The relationship between the international law and domestic law is mentioned in the two main theories such as the monistic and dualistic theories. In monistic theory, domestic law and international law are similar laws and there should not be separation among them and it is based on natural law. In dualistic theory, the  international law and internal law are not similar and these are the two separate laws. These both theories have their own perspectives about international law but some countries follow one of these theories purely and some countries follow international law when it is in favour of them. The harmonisation theory states that neither theories explain the relation between the international law and internal law.


[1] Bryan A.Garner(ed.), Black’s Law Dictionary 2392 (8th ed., 2004).

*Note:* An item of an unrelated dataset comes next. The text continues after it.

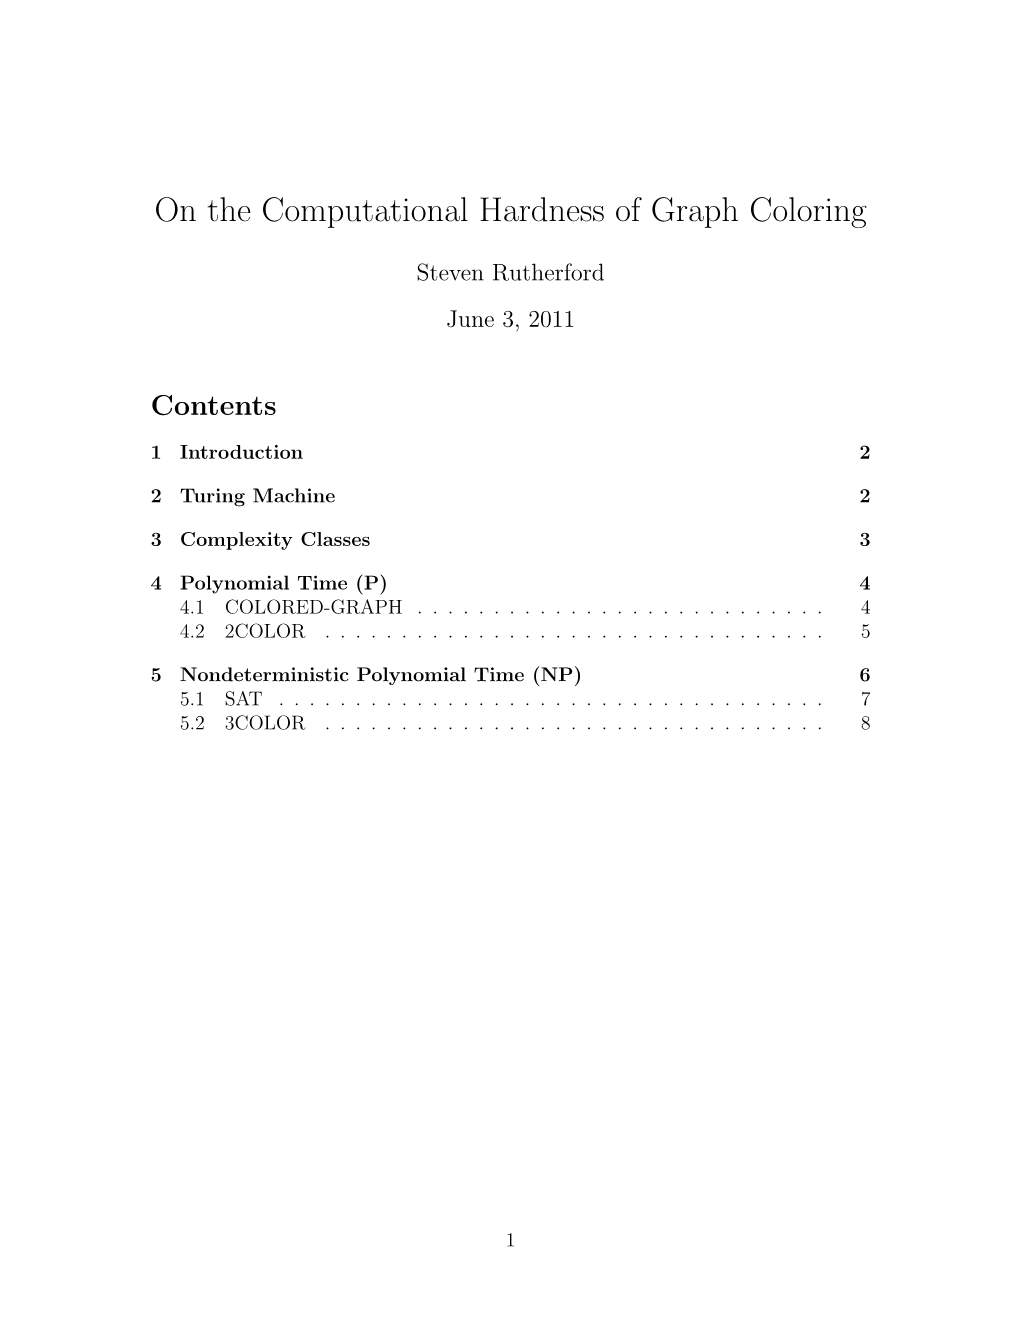 On the Computational Hardness of Graph Coloring

[2]Definition of municipal law, available at: (Last visited on December 25, 2020).

[3] Supra note 1 at 3229.

[4] Ololade O. Shyllon, Monism/Dualism Or Self Executory: The Application Of Human Rights Treaties By Domestic Courts In Africa, Advanced Course On The International Protection Of Human Rights, Held on (Institute For Human Rights, Abo Akademi University, 17-28 Aug 2009), available at:  (last visited on December 25, 2020). 

[5] David Dyzenhua (ed.), Sovereignty A contribution of the theory of public and international law 17 (Berkeley Law, 2019).  

[6] Supra note 4 at 6.

[7] Paust, Jordan J., “Basic Forms of International Law and Monist, Dualist, and Realist Perspectives” SSRN 244-265 (2013). 

[8] The Constitution of India, art. 51.

[9] Relationship between international law and municipal law Flashcards Preview, available at (last visited on December 26, 2020). 

[10] Daniel P O’Connell, “Relationship between International Law and Municipal Law” 48(3) Georgetown Law Journal 440 (1960).